Updated: Jul 21, 2018
By: Dean Miller
The fitness lifestyle is becoming more and more competitive with each passing year. Athletes, weekend warriors and fitness fanatics are now obligated to look more closely into all aspects of sports performance in order to maintain a competitive edge. Hydration factors and education are important for all individuals to understand if they want to perform at their best on a consistent basis.
Individual hydration is dependent on a combination of factors, including the consumption of water, sodium, potassium, as well as chloride, in order to maintain an optimum hydration environment.
While water is responsible for regulating body temperature, it is also important for lubricating joints and transporting nutrients throughout your body. In order to maintain proper hydration, 2-3 mL per pound of water should be consumed prior to participating in a competition or sporting event. Additionally, 8 oz. of fluid should be consumed for every 15 minutes of exercise. Finally, 16-24 oz. of water should be consumed for every pound of weight lost from exercise.
Sodium is responsible to maintaining fluid balance in your cells, transmitting nerve impulses through the body and assists with the contraction and relaxation of muscles. While sodium is necessary for these functions, too much sodium can be detrimental to athletic performance. This is due to the fact that sodium causes water retention in tissues; making it difficult for adequate sweating and body cooling during athletic performance. The recommended daily intake is about ⅔ teaspoon.

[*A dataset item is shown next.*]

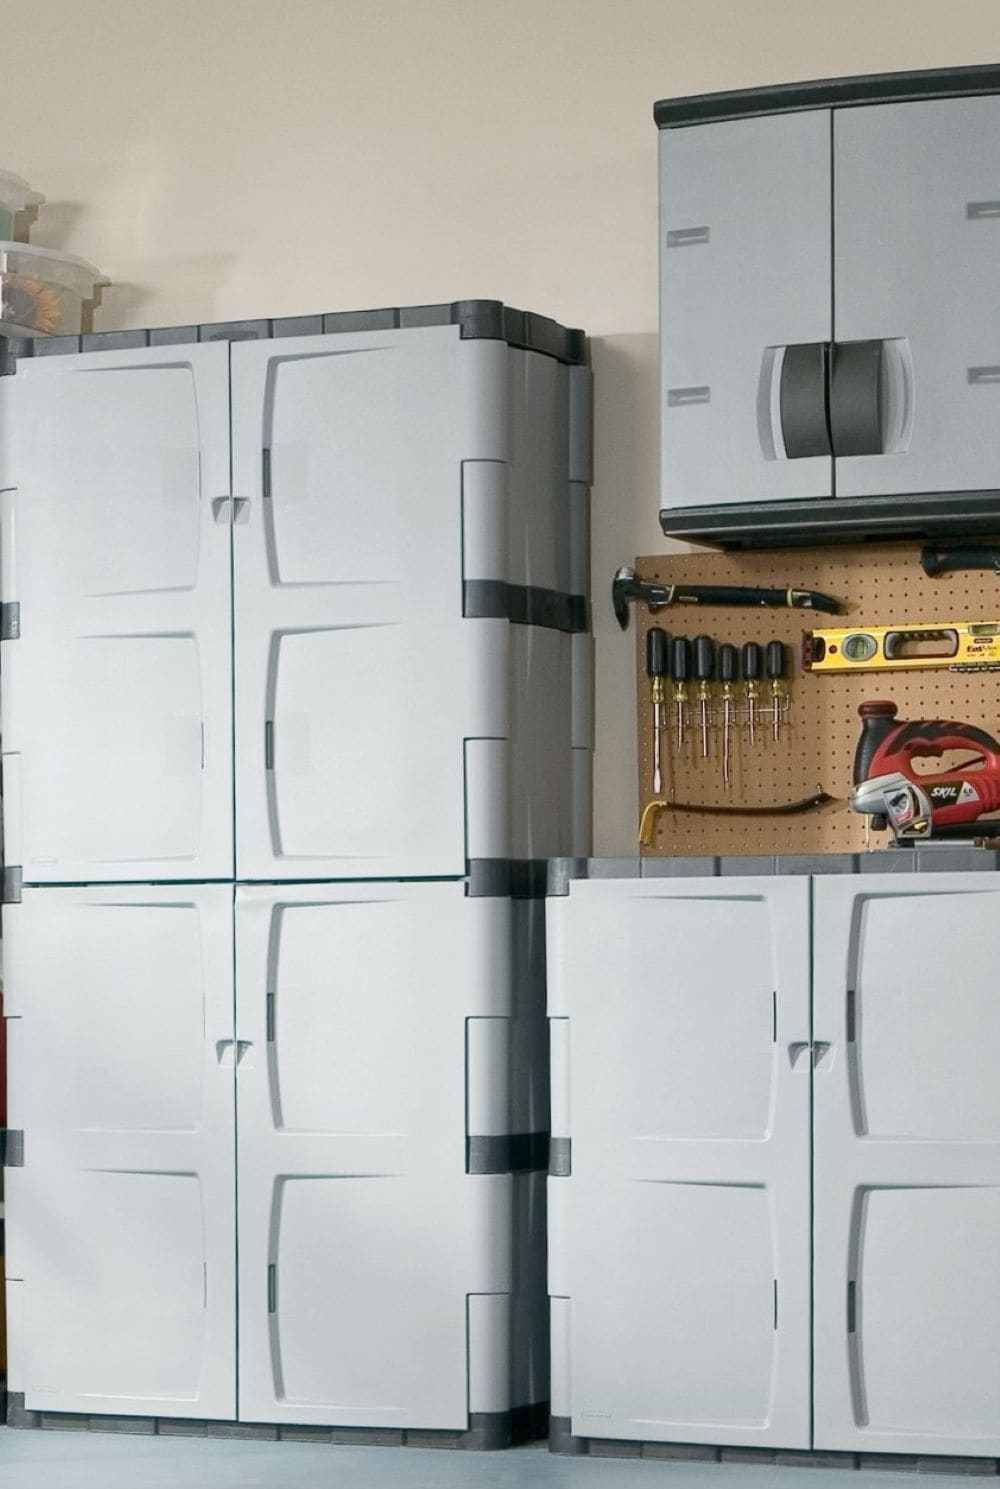 Rubbermaid Plastic Storage Cabinets at Material Handling Solutions Llc

Potassium has many roles in hydration, as well as your body’s overall function. It helps maintain pH balance and blood pressure, carries nutrients to cells and keeps blood from forming harmful clots. Additionally, it aids in fortifying your stomach lining against acid, plus promotes heart and bone health. The recommended intake for potassium is 4.7 grams per day.
Other factors contributing to individual hydration are age, weight, temperature, fitness level, and genes. These are all important factors in determining how quickly a person acclimatizes to an athletic environment (i.e. adapts sweat mechanisms to changes in temperature/humidity). An acclimatized athlete will sweat faster, and their sweat composition will contain less nutrients. While the amount of sweat differs from athlete to athlete, water loss can average up to two liters of water per hour with associated nutrient loss. It is important for athletes to understand that they must consume electrolytes along with the water they are drinking during athletic performance.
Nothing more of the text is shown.